Landslide susceptibility assessment requires landslide inventories for the training and validation of models. The inventories can be prepared through field surveys, past landslide events from news and government records, and remote sensing data. In this research, a landslide inventory identified 35 landslide locations (shallow landslides) in the Cameron Highlands, Malaysia (Figure 1), taken from the previous projects [2,3,29,41].

In addition, the light detection and ranging (LiDAR) data was used to derive the DEM over a 25 km² area, and other associated conditioning parameters.
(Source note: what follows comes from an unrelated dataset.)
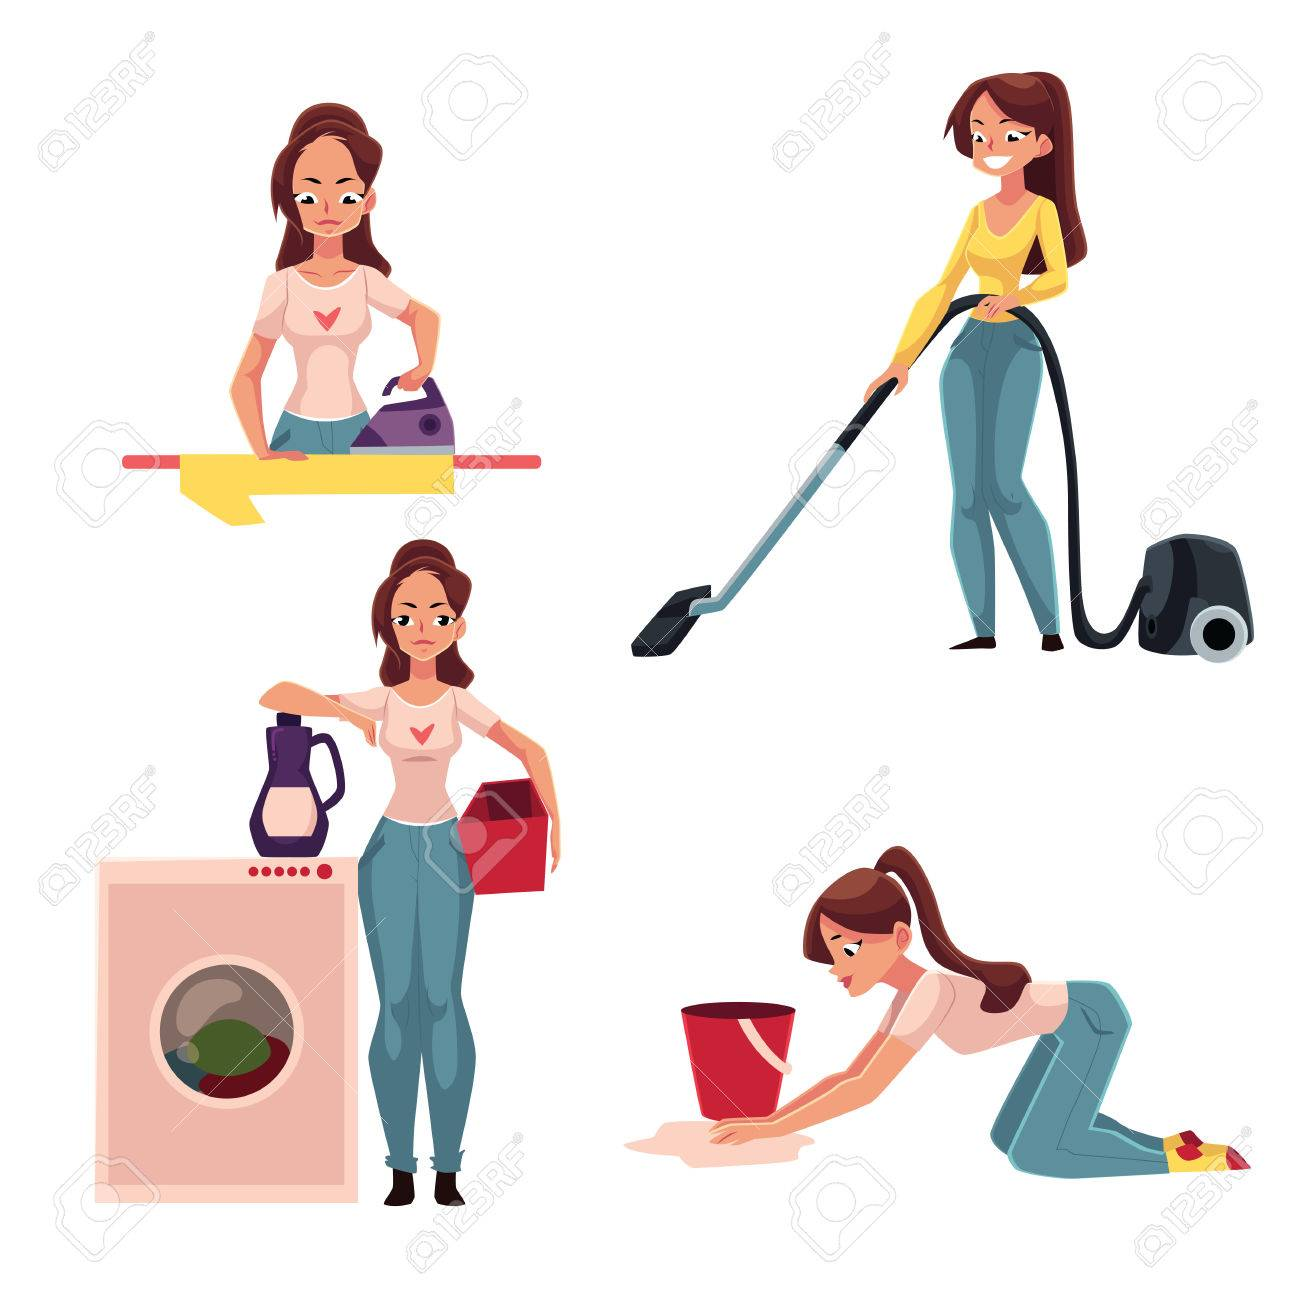 Junge Frau, Hausfrau Tun Aufgaben   Bügeln, Waschen, Staubsaugen ...

The data was captured on the 15th of January 2015 using an airborne laser scanning system (RIEGL) with a point spacing of 8 points per square meter and an altitude of 1510 m [2,42].

The DEM was formed with 0.5-m spatial resolution from the last return LiDAR point clouds, and it was derived using the ArcGIS Pro based on the multiscale curvature method (curvature filtering technique) [43]. In addition, the inverse distance weighting interpolation technique was used to convert the point clouds into a raster format.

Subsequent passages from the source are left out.